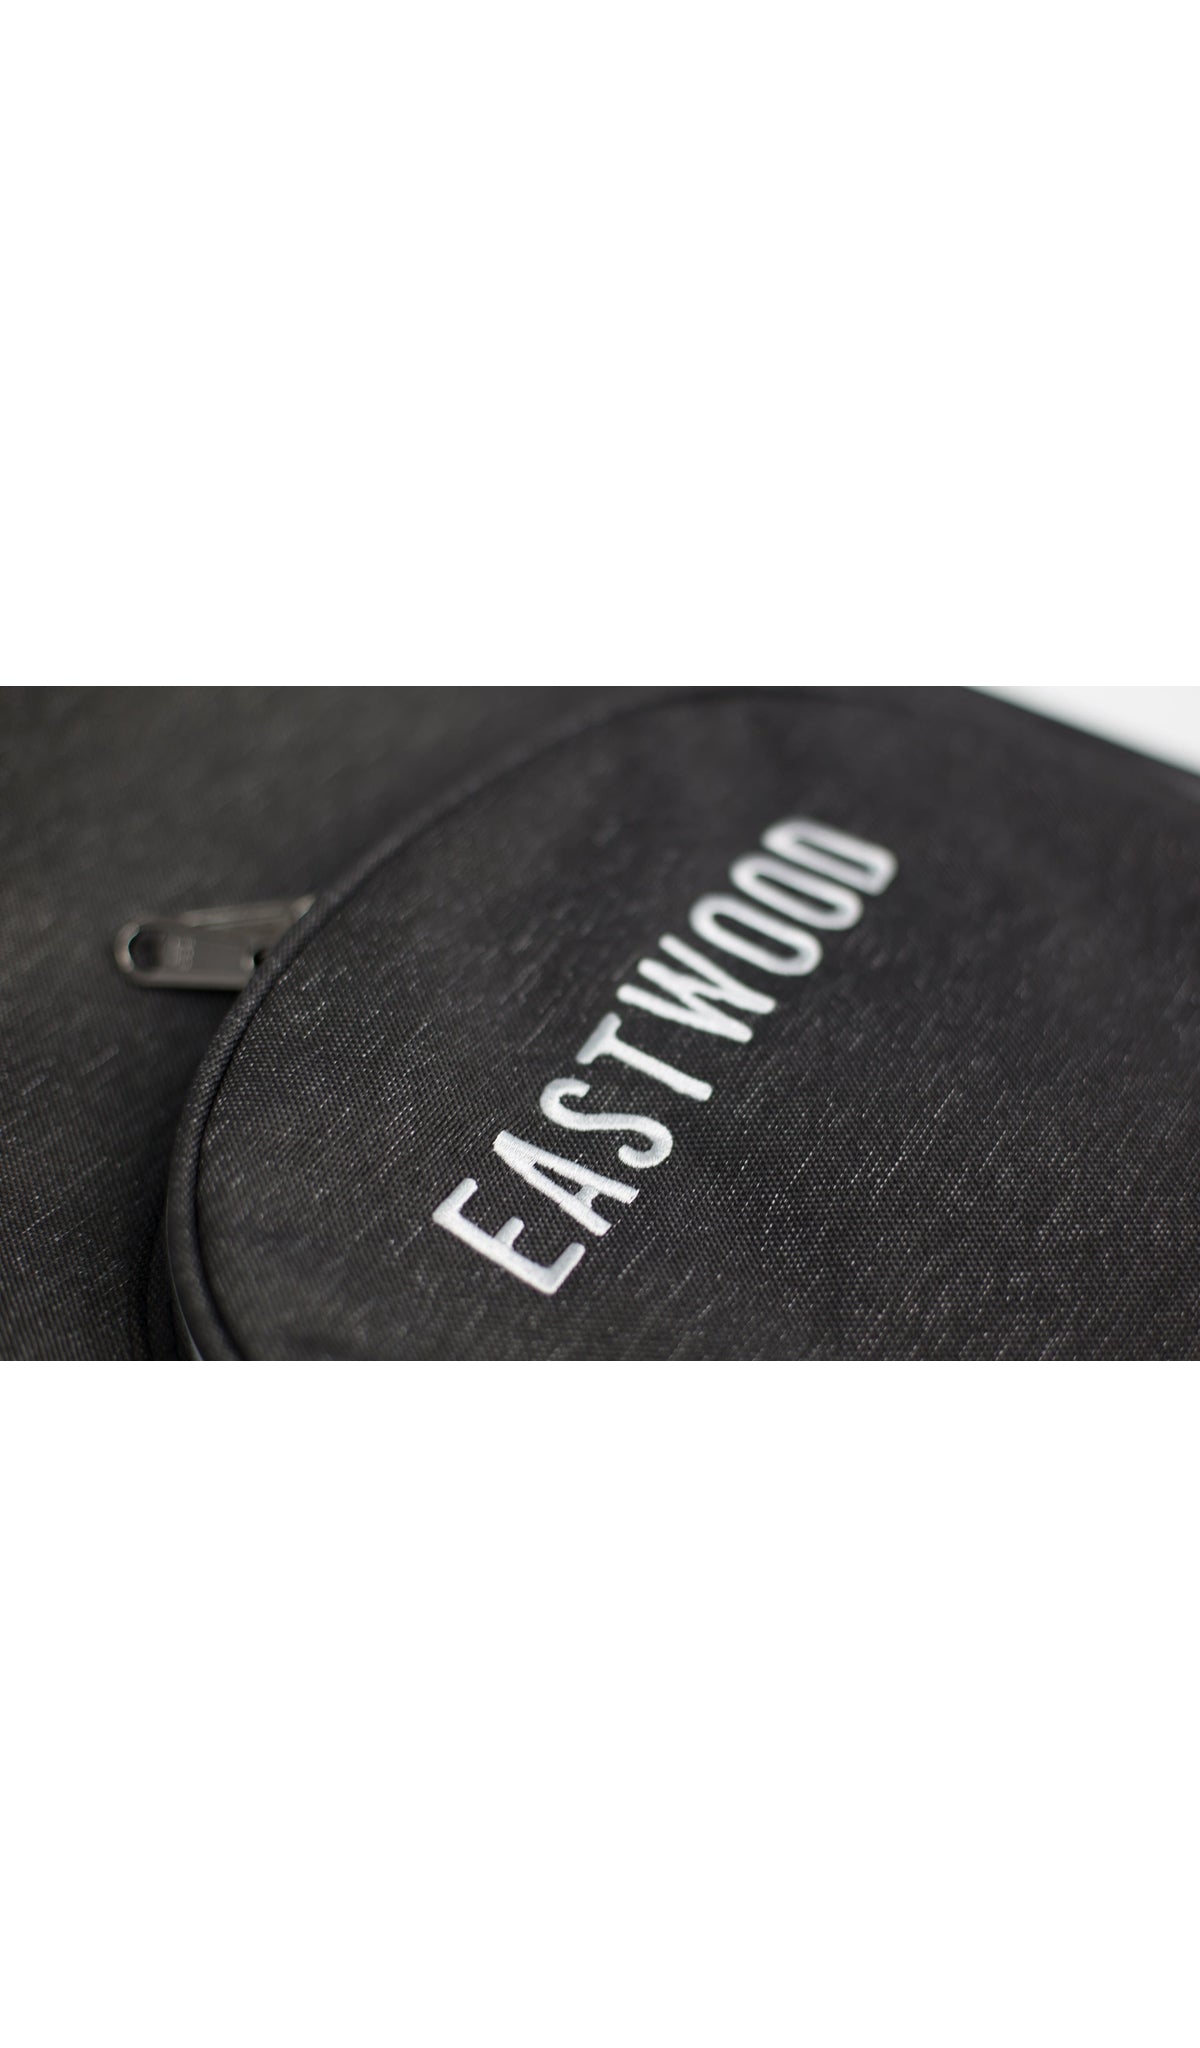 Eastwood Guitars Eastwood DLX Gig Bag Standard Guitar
# # # #
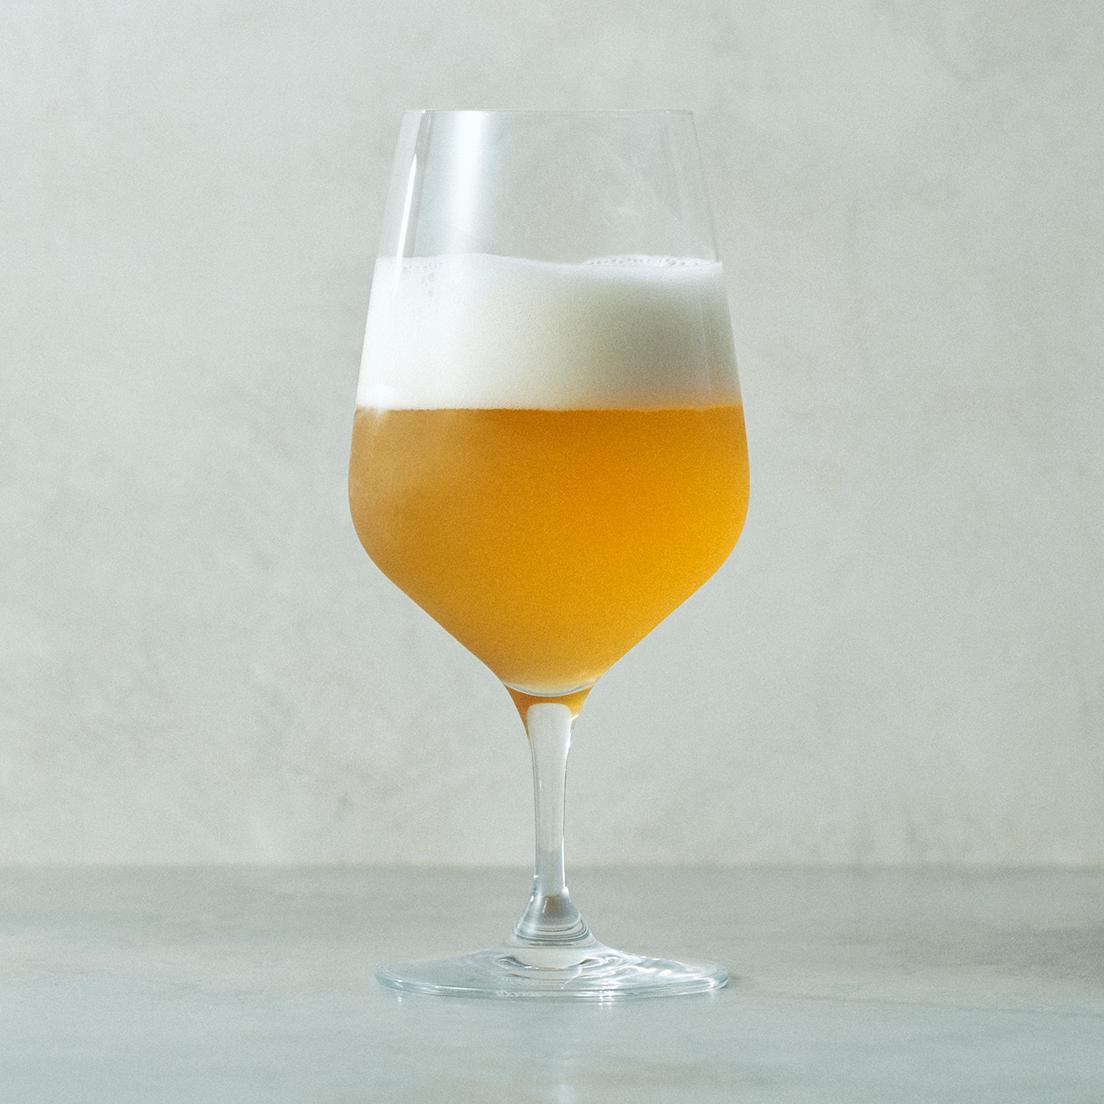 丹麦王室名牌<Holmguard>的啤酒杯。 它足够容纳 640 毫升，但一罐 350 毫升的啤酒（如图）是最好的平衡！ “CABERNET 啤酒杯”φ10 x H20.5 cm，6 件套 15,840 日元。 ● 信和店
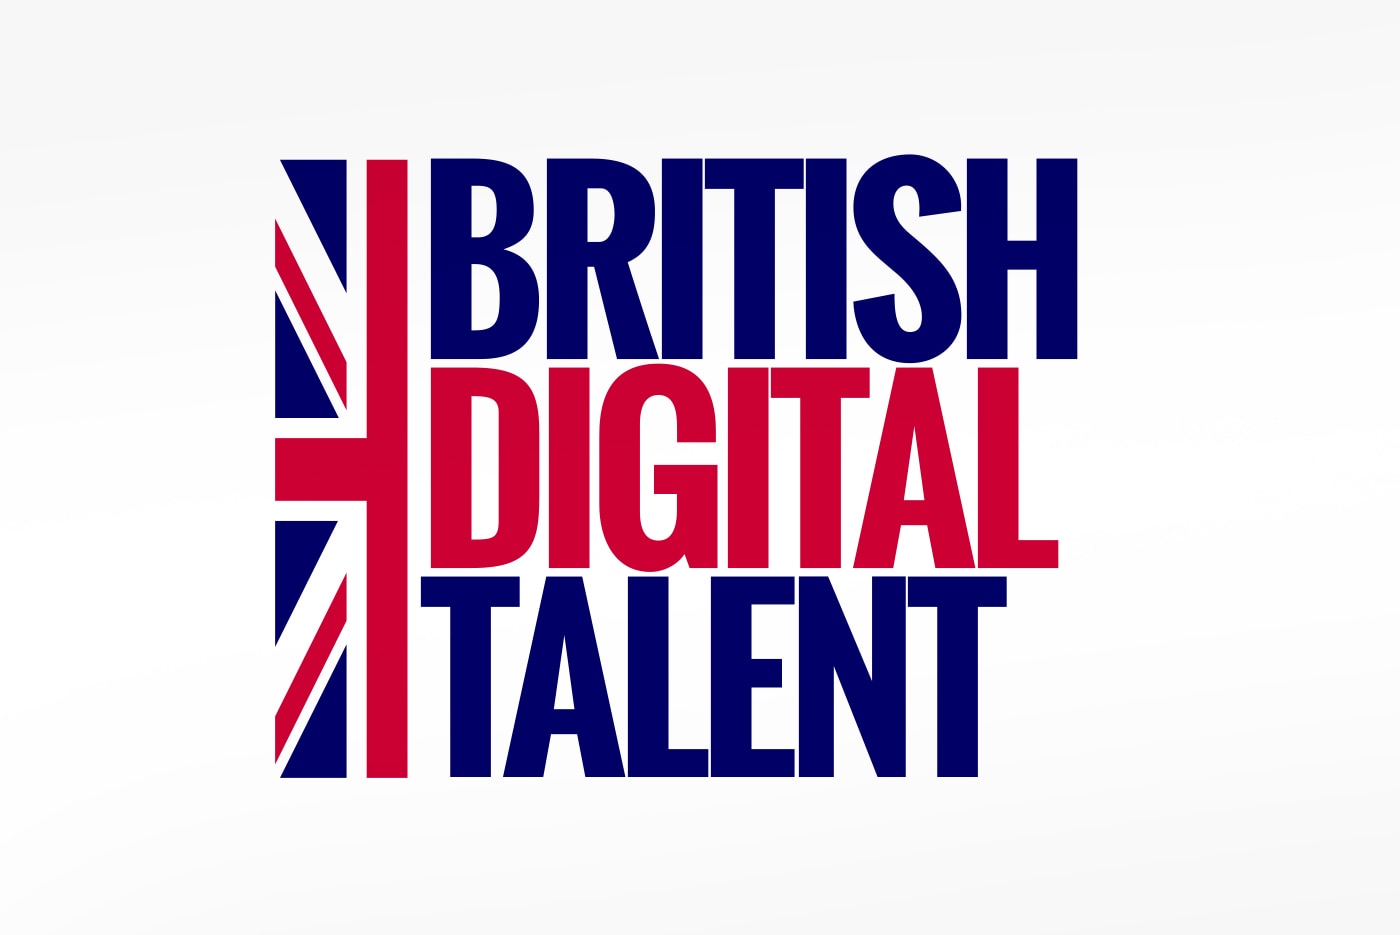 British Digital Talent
# # # #
TASK OBJECTIVE »
Within the material above, find the part that opens with the line containing "丹麦王室名牌<Holmguard>的啤酒杯。 它足够容纳 640" and closes with the line containing "British Digital Talent", and reproduce it exactly without the pictures.

WRITTEN SOLUTION »
 丹麦王室名牌<Holmguard>的啤酒杯。 它足够容纳 640 毫升，但一罐 350 毫升的啤酒（如图）是最好的平衡！ “CABERNET 啤酒杯”φ10 x H20.5 cm，6 件套 15,840 日元。 ● 信和店
 British Digital Talent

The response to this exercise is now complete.